What Are the Best Tips for Conserving Forests?
There are a lot of things that people can do to help conserve forests including recycling, making the decision to go paperless, consuming locally or regionally certified wood or food products, and simply speaking out. Some people think that individual efforts have little effect on conserving forests, but little actions, when combined together, can have a substantial impact on the positive effects of preserving forests, conserving trees, and speaking out about mass deforestation.
Recycling is a problem for some people, but it makes a difference when it comes to conserving forests. A good example is the Sunday newspaper, which requires that 500,000 trees be cut down every week. If just one in ten people across the U.S. would recycle newspapers, 25 million trees could be saved each year. Enough paper waste is thrown out every year to produce heat in 50 million homes for 20 years.

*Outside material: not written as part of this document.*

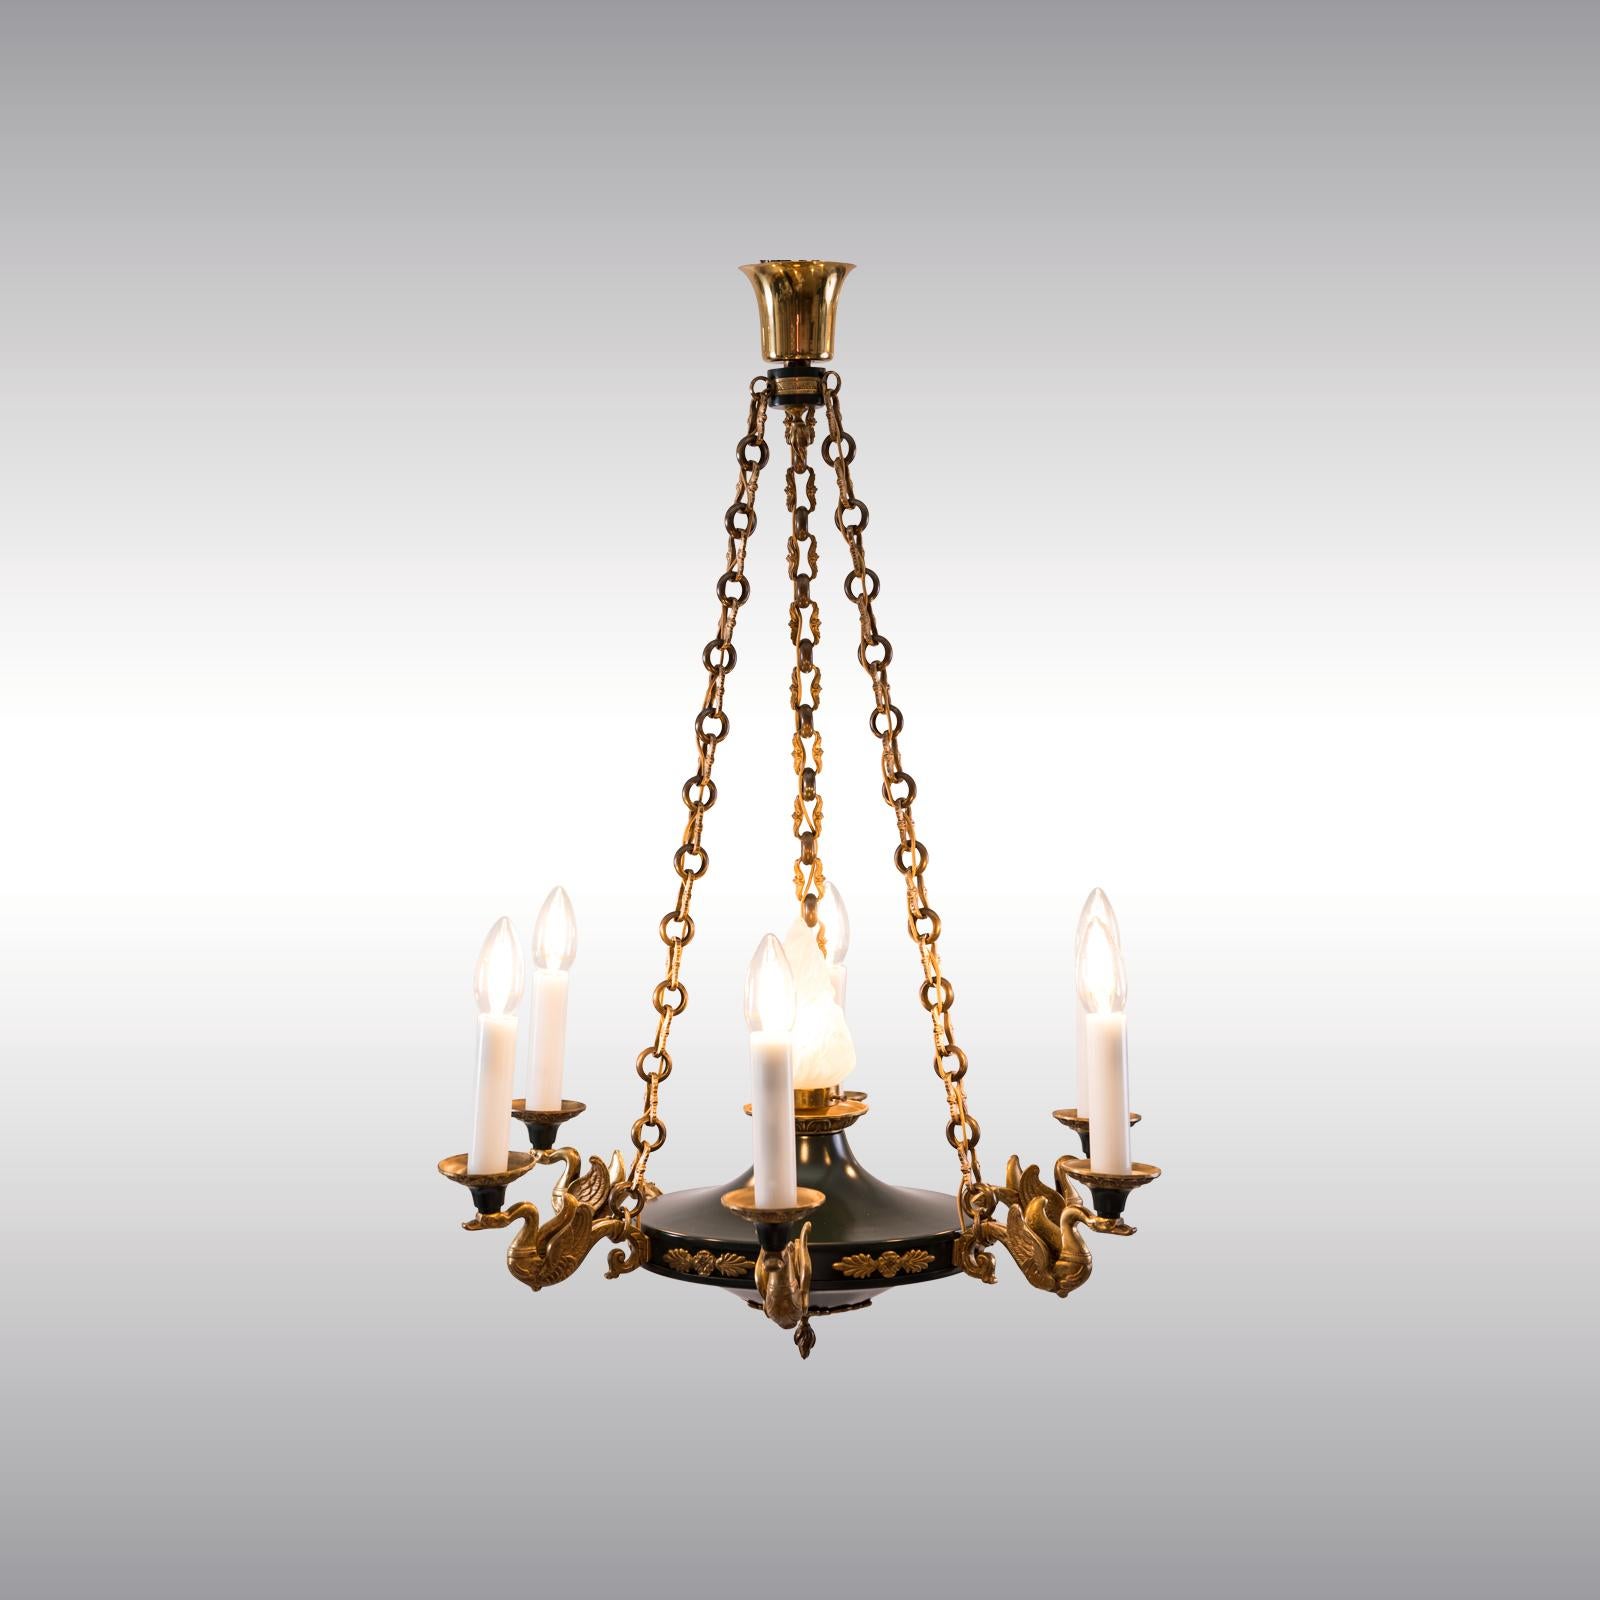 Very decorative chandelier in the style of Empire from the historistic Art Deco Period circa 1920. Stylized swans in gilded and punched casted brass

Suitable for the US.

The decision to go paperless could go a long way towards conserving forests and in stopping clear cutting and mass deforestation around the world. Some people already pay bills and get electronic statements online, which is a good step in the right direction. More can be done by putting an end to junk mail: catalogs, credit card offers, and marketing mail. Rather than trying to contact each individual company or organization to get the mailings stopped, consumers can search online for a service that can remove an address from all mailing lists that are used by these companies. Other computer paper-eliminating tips include using the "save as PDF" or "print to PDF" function and saving documents as PDF files rather than printing them out, using a digitized personal signature on an e-mail rather than a sending a paper fax, and sending video or digital greeting cards.
If conserving forests is to be a priority, local, certified wood products should be considered when building or remodeling. Purchasing and consuming locally grown products requires less energy to transport and may reduce or eliminate the trade and import of exotic woods that are only found in certain forests, perhaps on the other side of the planet. Consumers should also consider buying from companies that manage forests according to specific guidelines, like those set out by the Forest Stewardship Council, that plant, manage and harvest trees in ways that help in conserving forests, preventing deforestation, and ultimately in saving more trees.
Another important method of saving trees and conserving forests is by making an effort and taking the time to speak out against habitat destruction, deforestation, the displacement or slaughter of species indigenous to the forest, and the clear-cutting tactics of some governments and companies around the world. Speaking out against those who are perpetuating these logging and forestry methods that negatively impact all people may just be enough. One voice might be all it takes to get through and begin to make a change for the better.
Locally, people can help conserve forests by lobbying for good forest management. This means cutting enough lumber to keep a forest healthy, without completely decimating it, keeping underbrush cleared out with *controlled* burns, and replacing cut trees with those native to the area and also making sure the saplings are healthy and disease-free. Another good forest conservation procedure is to clear diseased trees so the malady doesn't spread to other trees nearby.
People can also help with forest conservation by planting native trees in their yards and supporting the planting of native trees in parks and green spaces. This helps keep the whole population healthy.